··· GIVEN INFORMATION
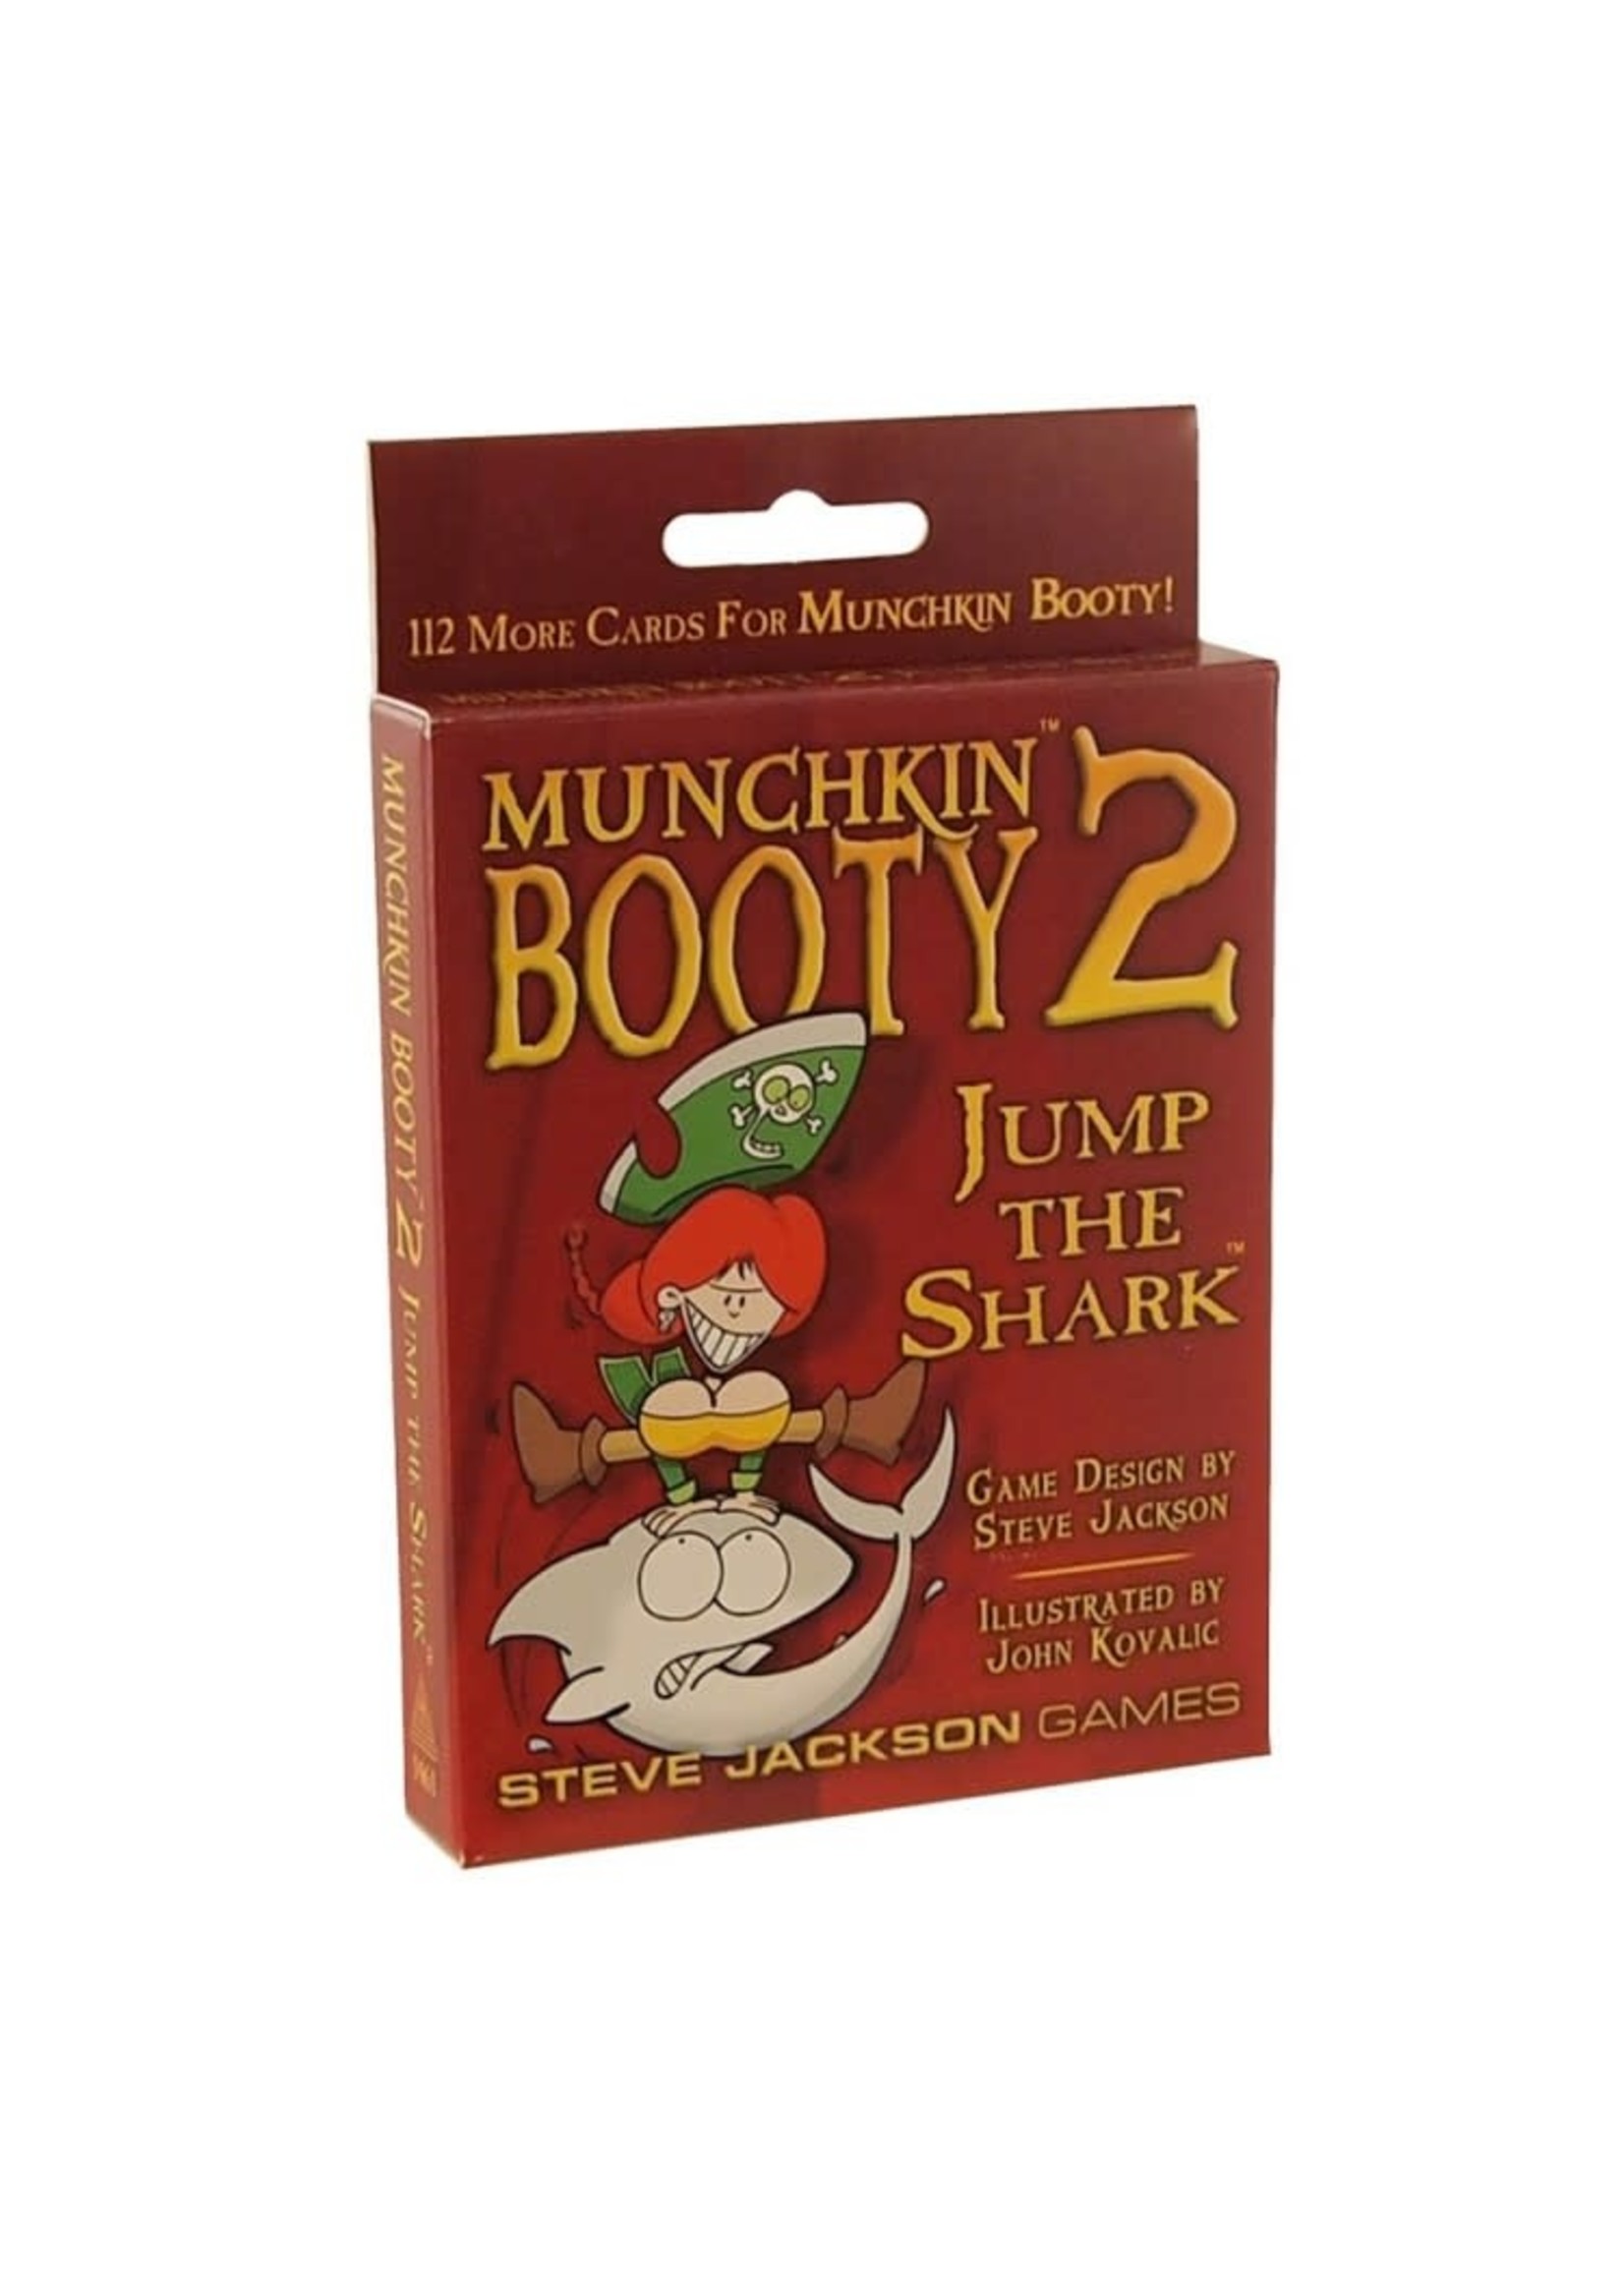 Steve Jackson Games Munchkin Booty 2, Jump the Shark
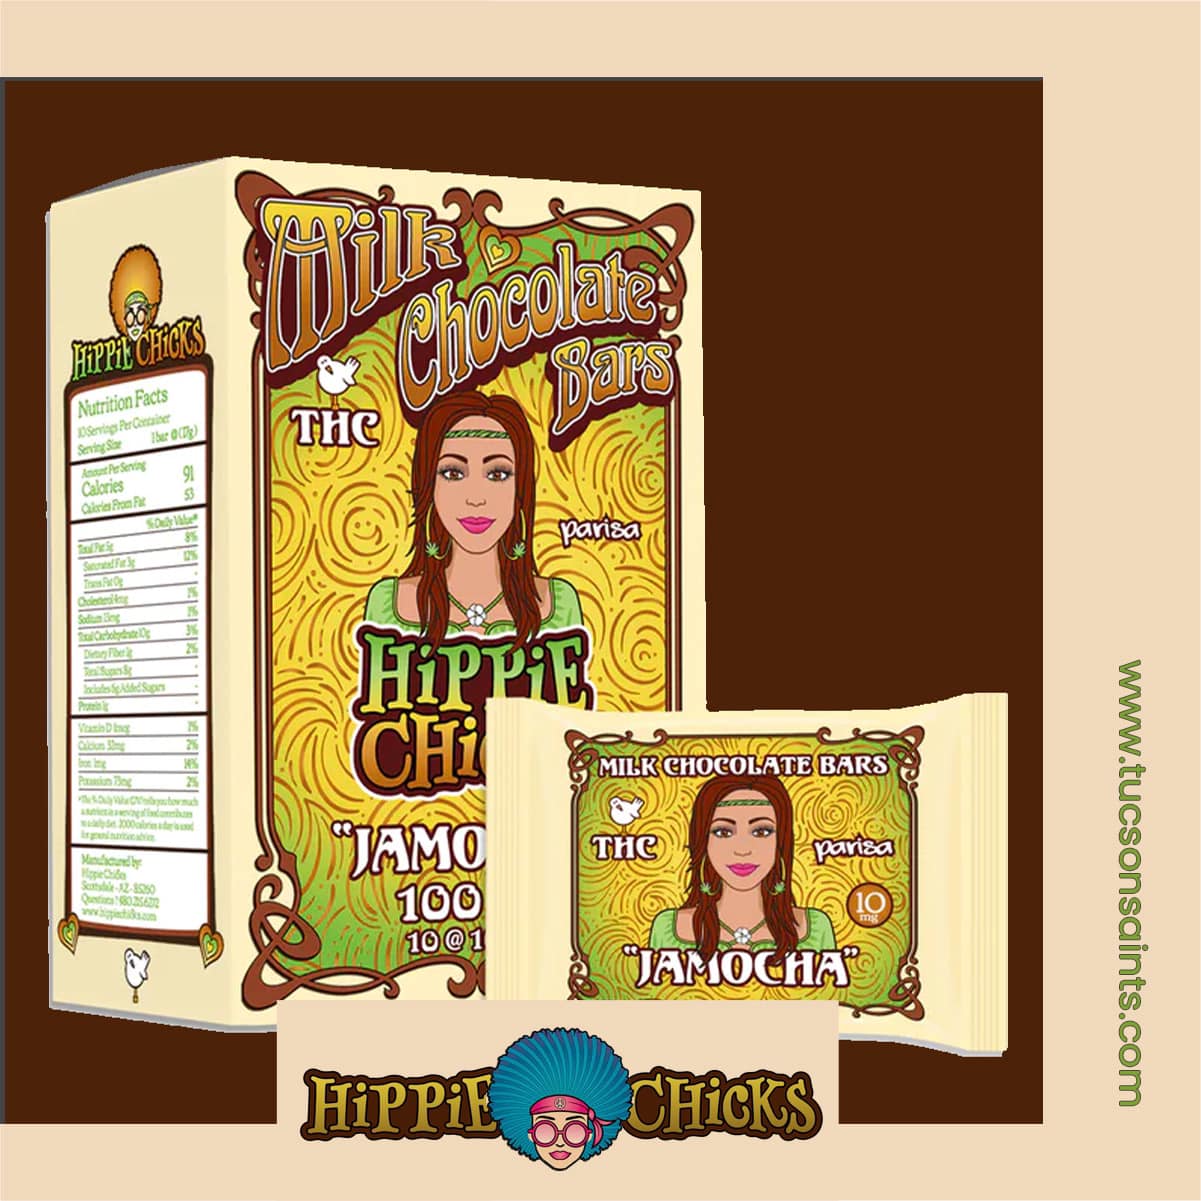 Hippie Chicks edibles tucson dispensary Jamocha
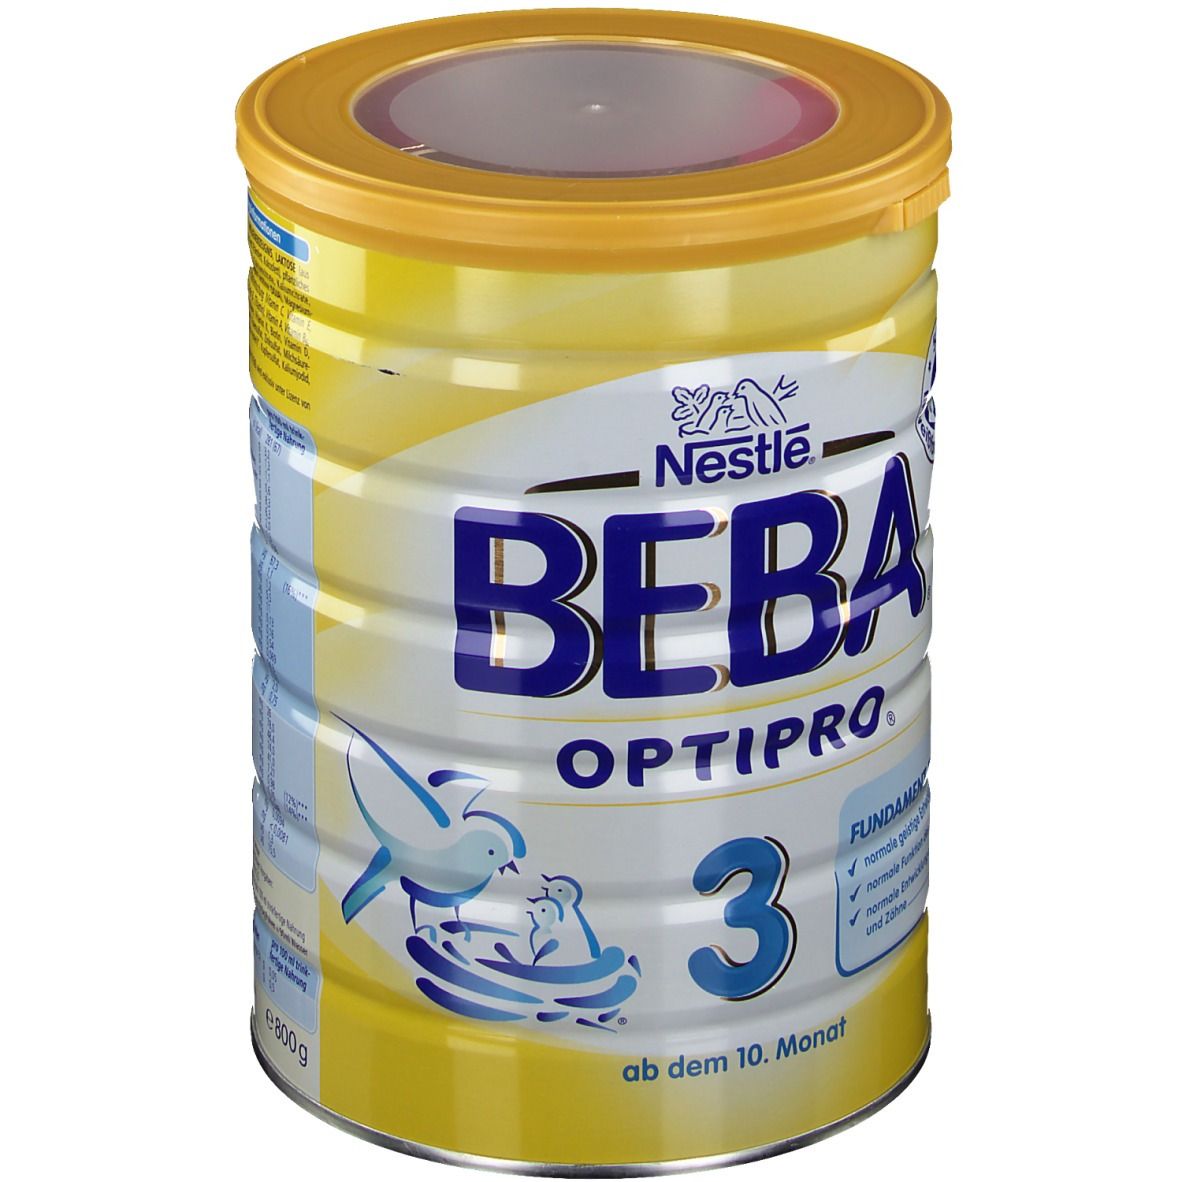 Nestlé BEBA OPTIPRO 3 Folgemilch ab dem 10. Monat
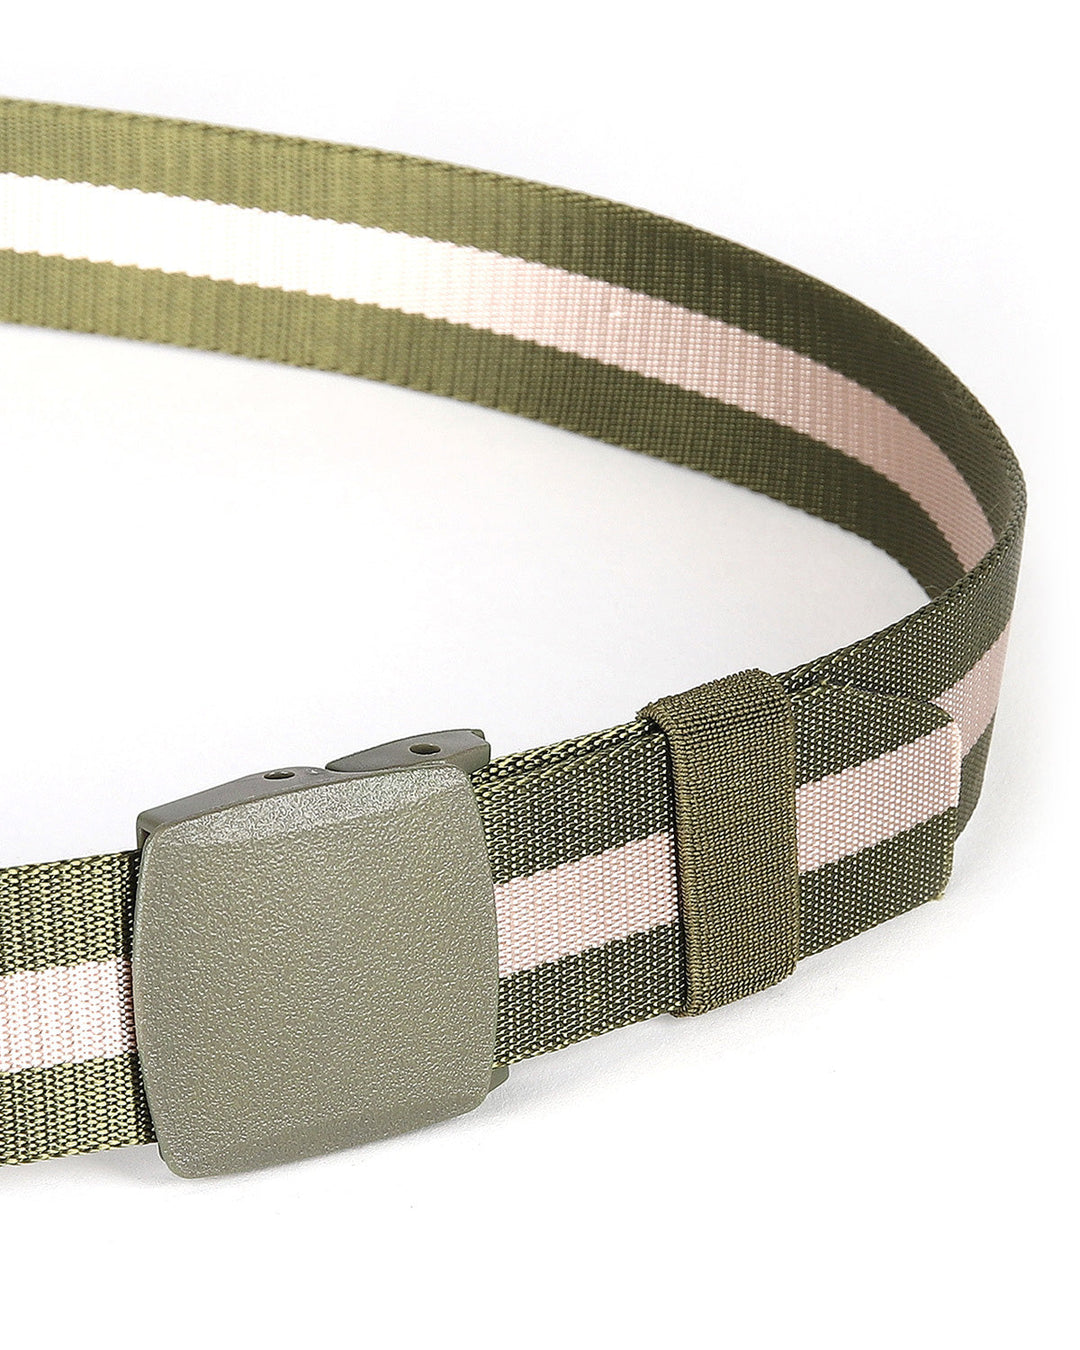 One Size Adjustable Strap Stripe Nylon Web Belt with Plastic Buckle
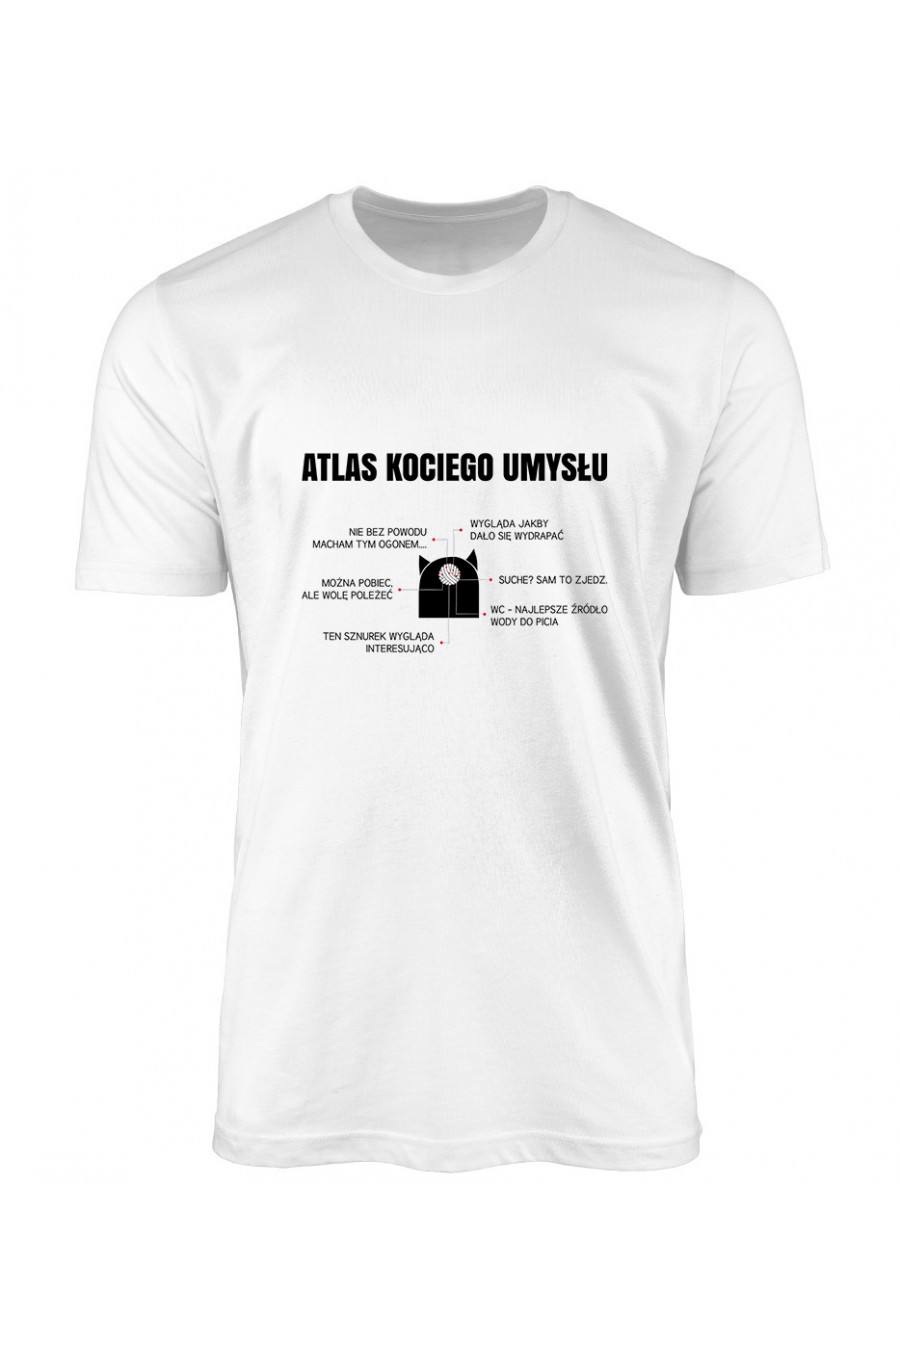 Koszulka Męska Atlas Kociego Umysłu
······
**WHAT IS BEING ASKED**
Restate every entry above word for word; no picture belongs in the copy.

**WRITTEN RESPONSE**
 Steve Jackson Games Munchkin Booty 2, Jump the Shark
 Hippie Chicks edibles tucson dispensary Jamocha
 Nestlé BEBA OPTIPRO 3 Folgemilch ab dem 10. Monat
 One Size Adjustable Strap Stripe Nylon Web Belt with Plastic Buckle
 Koszulka Męska Atlas Kociego Umysłu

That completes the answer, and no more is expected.